Apr. 4th, 2009

the ramage

Apr. 4th, 2009 11:41 am
Have you ever heard of a form of poetry Robert Bly developed that he calls the "ramage"? At Half Price Books the other day, I happened upon a small illustrated book of poems by Bly called Turkish Pears in August, a reprint from Eastern Washington University Press of a book previously issued in a tiny letterpress edition. It is such a nicely done little book; I couldn't pass it up! I hadn't heard of this before, but Bly came up with a form where you have 8 lines, each of which with around 10 syllables, and the whole poem is centered around some particular sound/syllable like er, um, or, ah, etc. So the poem ends up having a series of usually subtle internal rhymes.

This blogger quotes
Bly's explanation from a Best American Poetry where one of the poems appeared. I like the idea in Bly's explanation about "the delicious flavor of the small sounds reappearing like raisins in a muffin."

The form reminds me of ottava rima but without the iambic meter and the end rhyme. I was interested in ottava rima in grad school, largely, I think, because I was really stuck writing-wise and the shortness plus the contraints of the form helped me to be able to actually finish some poems. It's kind of like a mini-sonnet. I was Googling to see if I could find my favorite poem in this form, "How Did It Seem to Sylvia" by Gjertrud Schnackenberg, but it doesn't appear to be online.
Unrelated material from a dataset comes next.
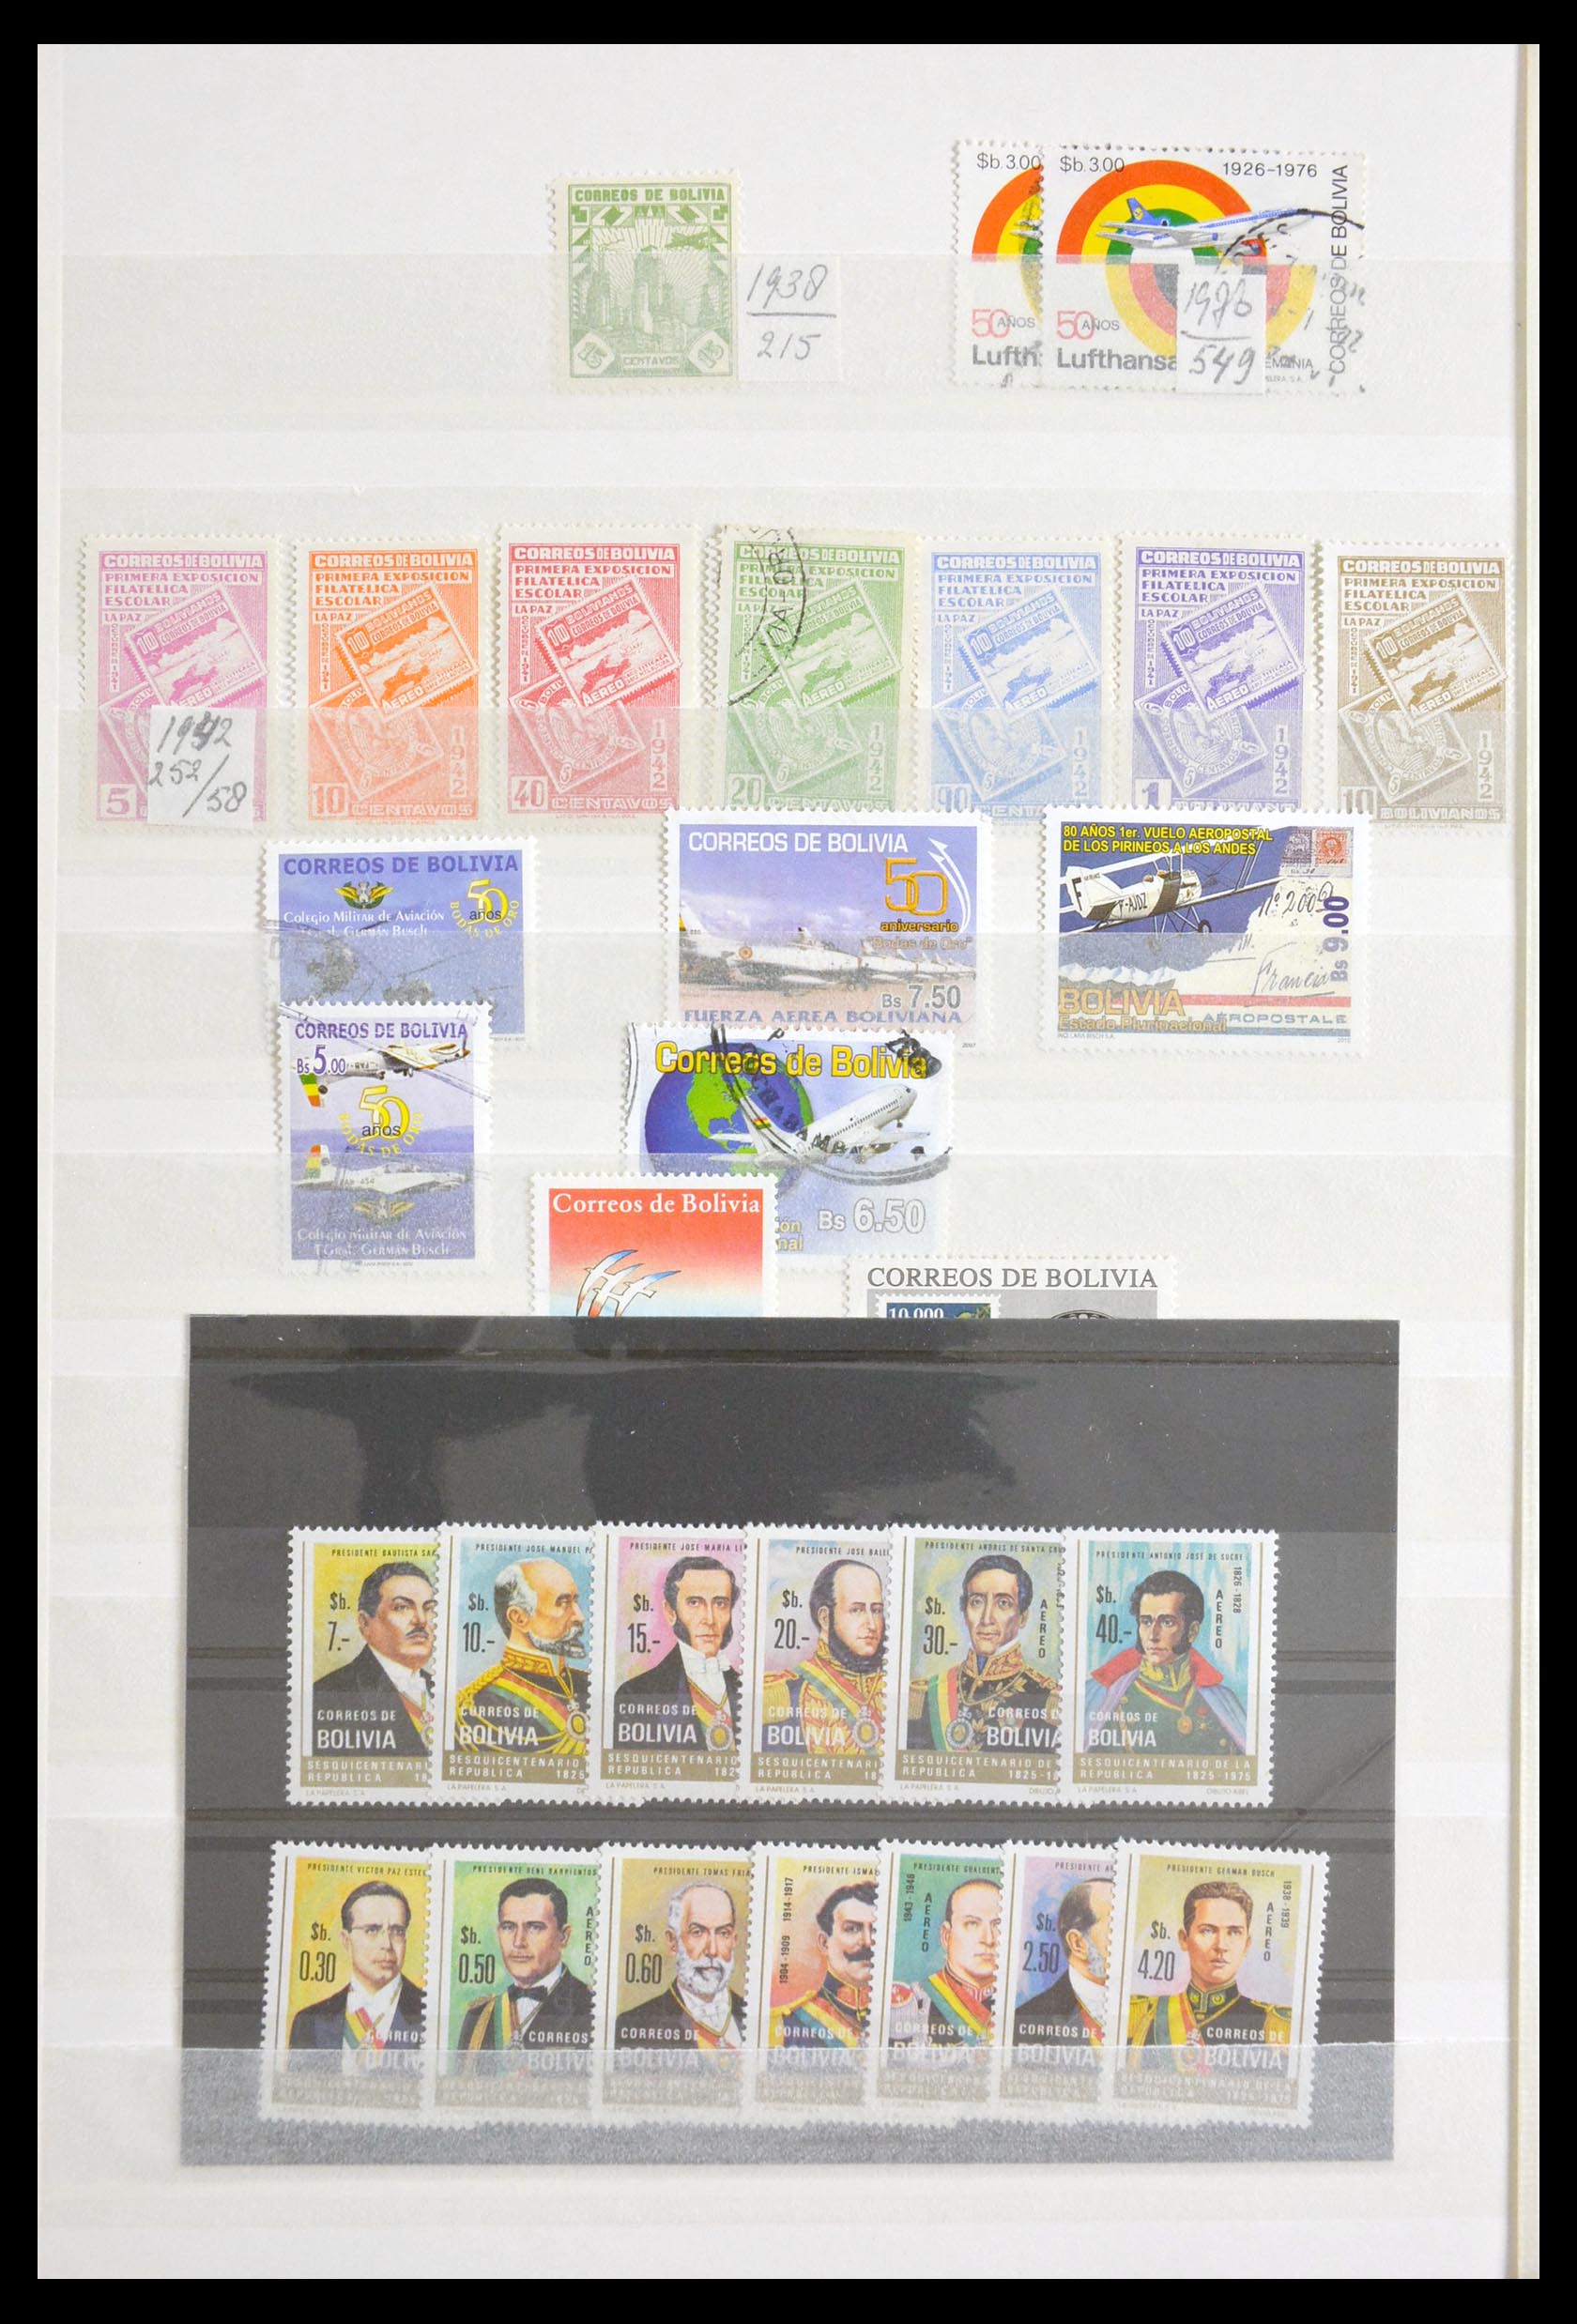 29917 024 - 29917 Latin America airmail stamps.

I can remember several lines of it from memory, but not the whole poem; I'm pretty sure the last lines are: "The only one who understood the joke, / she slipped out well before the last glass broke."

Anyway, I think I might experiment with Bly's form as I like the size of it and the emphasis on sound in a somewhat quiet way. I thought some others of you might be interested in this form, too.